> **Data records**:

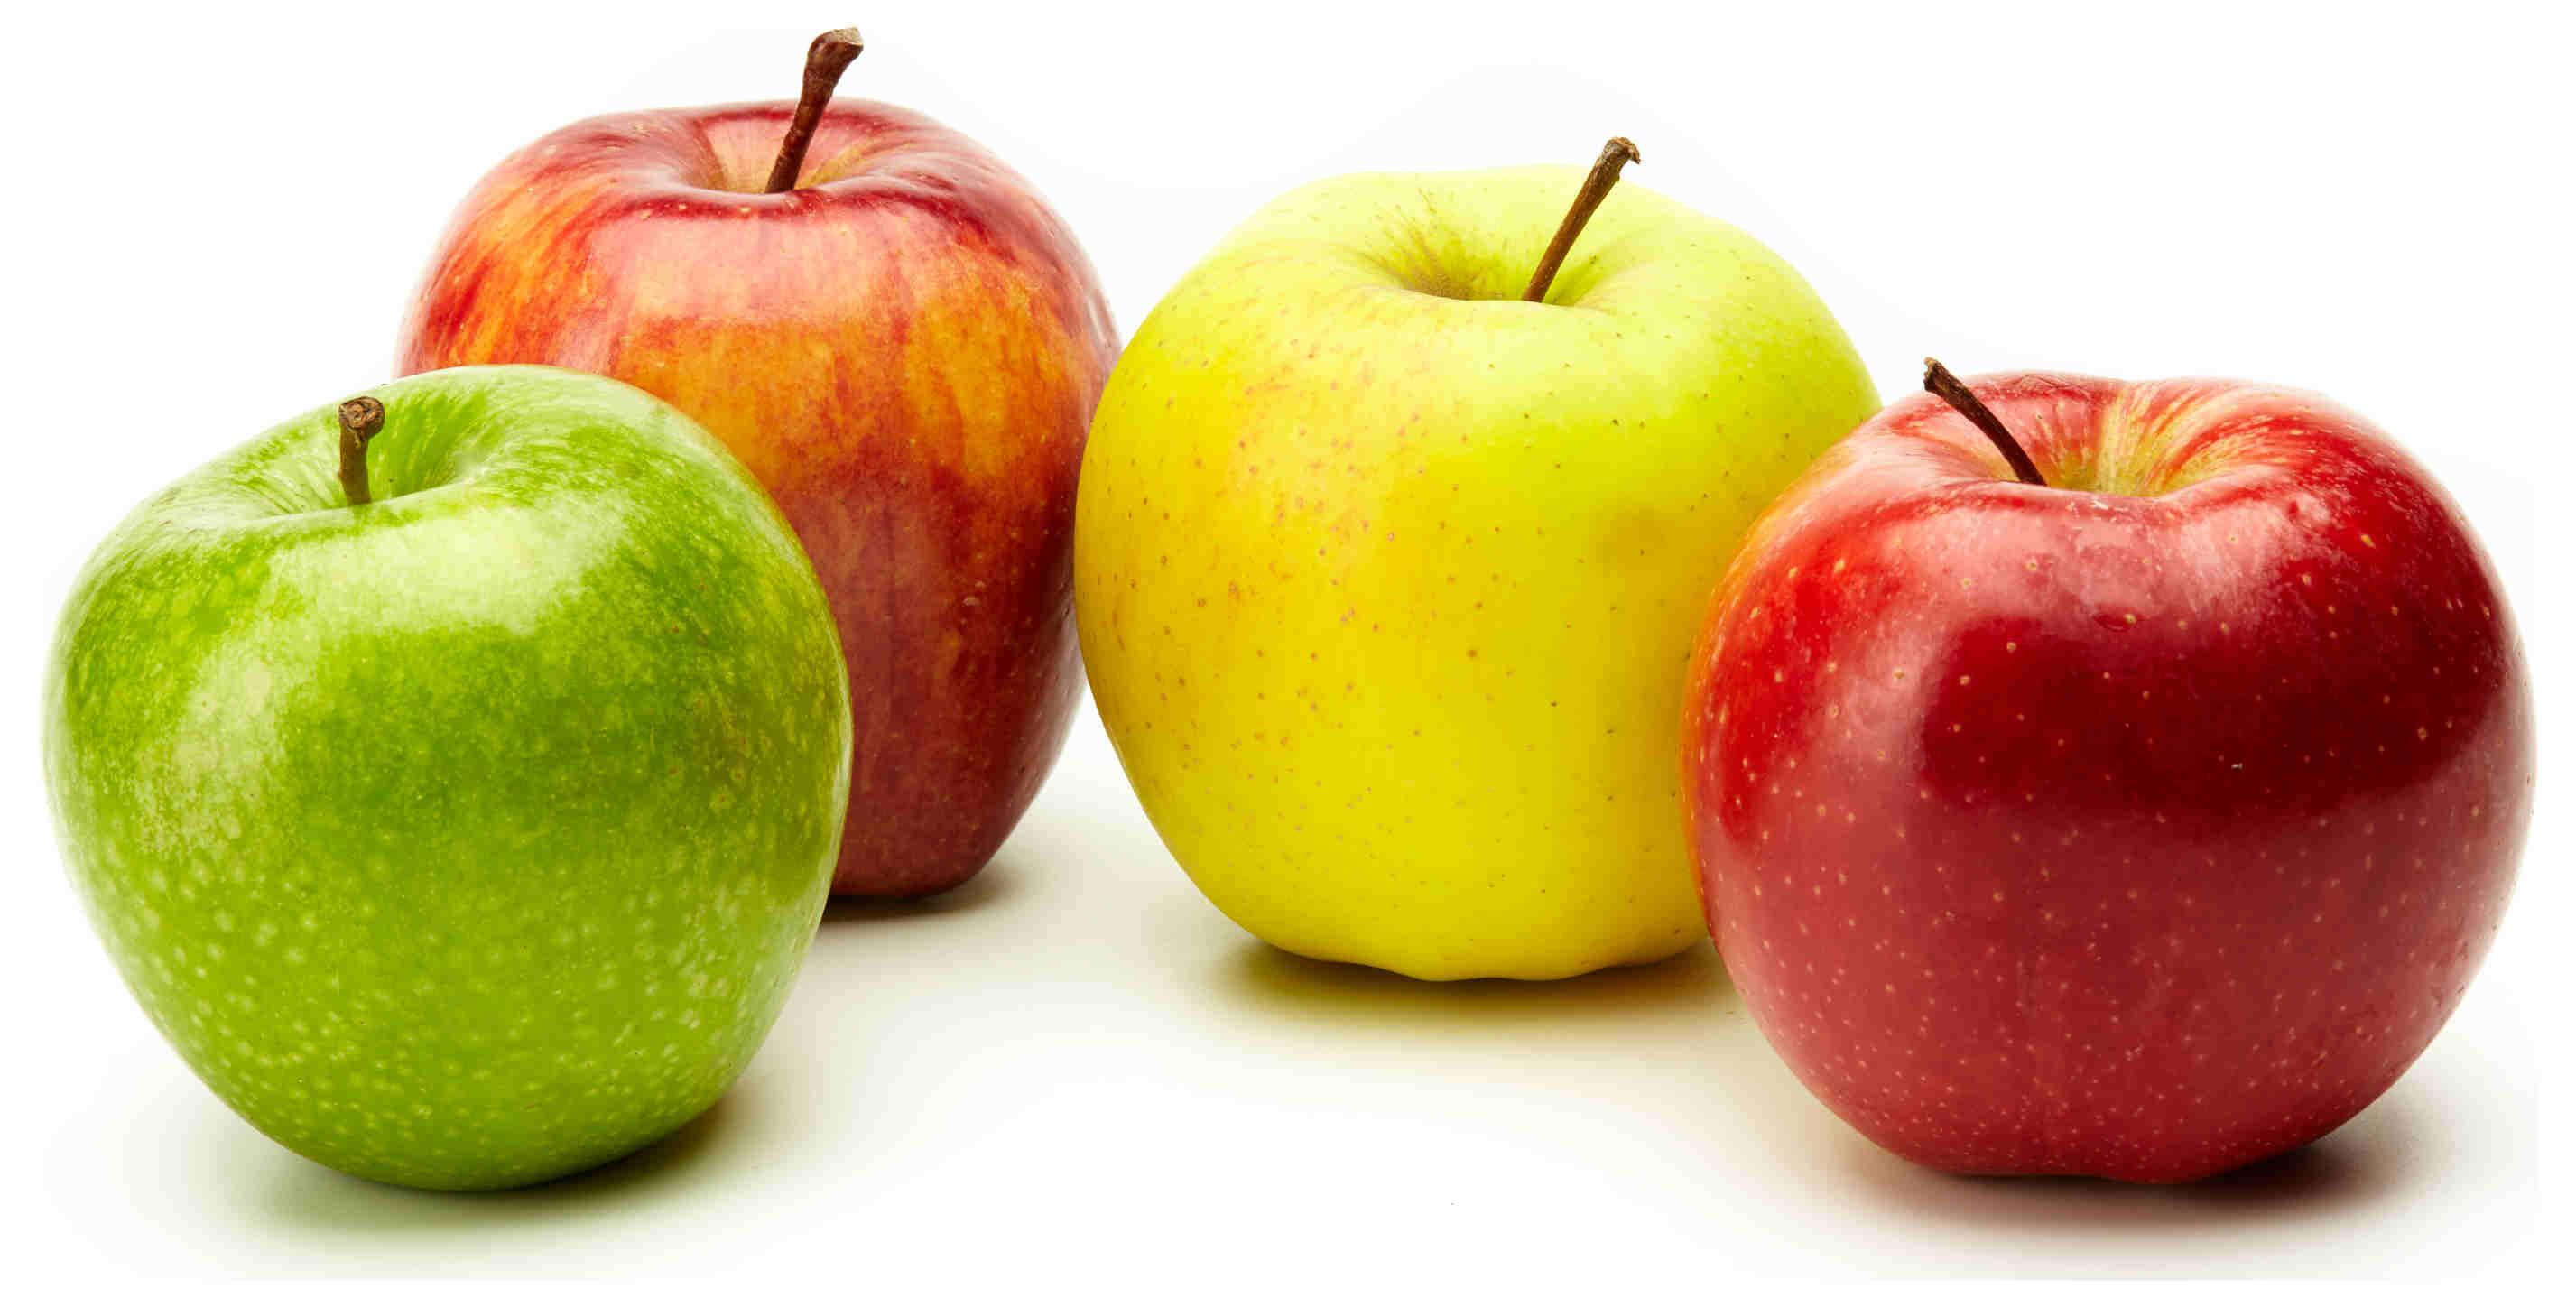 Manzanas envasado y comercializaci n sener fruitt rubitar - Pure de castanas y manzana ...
==
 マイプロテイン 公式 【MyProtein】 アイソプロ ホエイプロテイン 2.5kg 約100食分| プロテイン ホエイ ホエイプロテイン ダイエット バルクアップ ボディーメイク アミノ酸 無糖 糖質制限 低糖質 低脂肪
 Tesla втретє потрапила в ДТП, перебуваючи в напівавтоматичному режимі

> **Work to be completed**: Using the data above, repeat exactly the lines that begin at the line with "マイプロテイン 公式 【MyProtein】" and end at the line with "Tesla втретє потрапила", both ends included.

> **Your solution**:
 マイプロテイン 公式 【MyProtein】 アイソプロ ホエイプロテイン 2.5kg 約100食分| プロテイン ホエイ ホエイプロテイン ダイエット バルクアップ ボディーメイク アミノ酸 無糖 糖質制限 低糖質 低脂肪
 Tesla втретє потрапила в ДТП, перебуваючи в напівавтоматичному режимі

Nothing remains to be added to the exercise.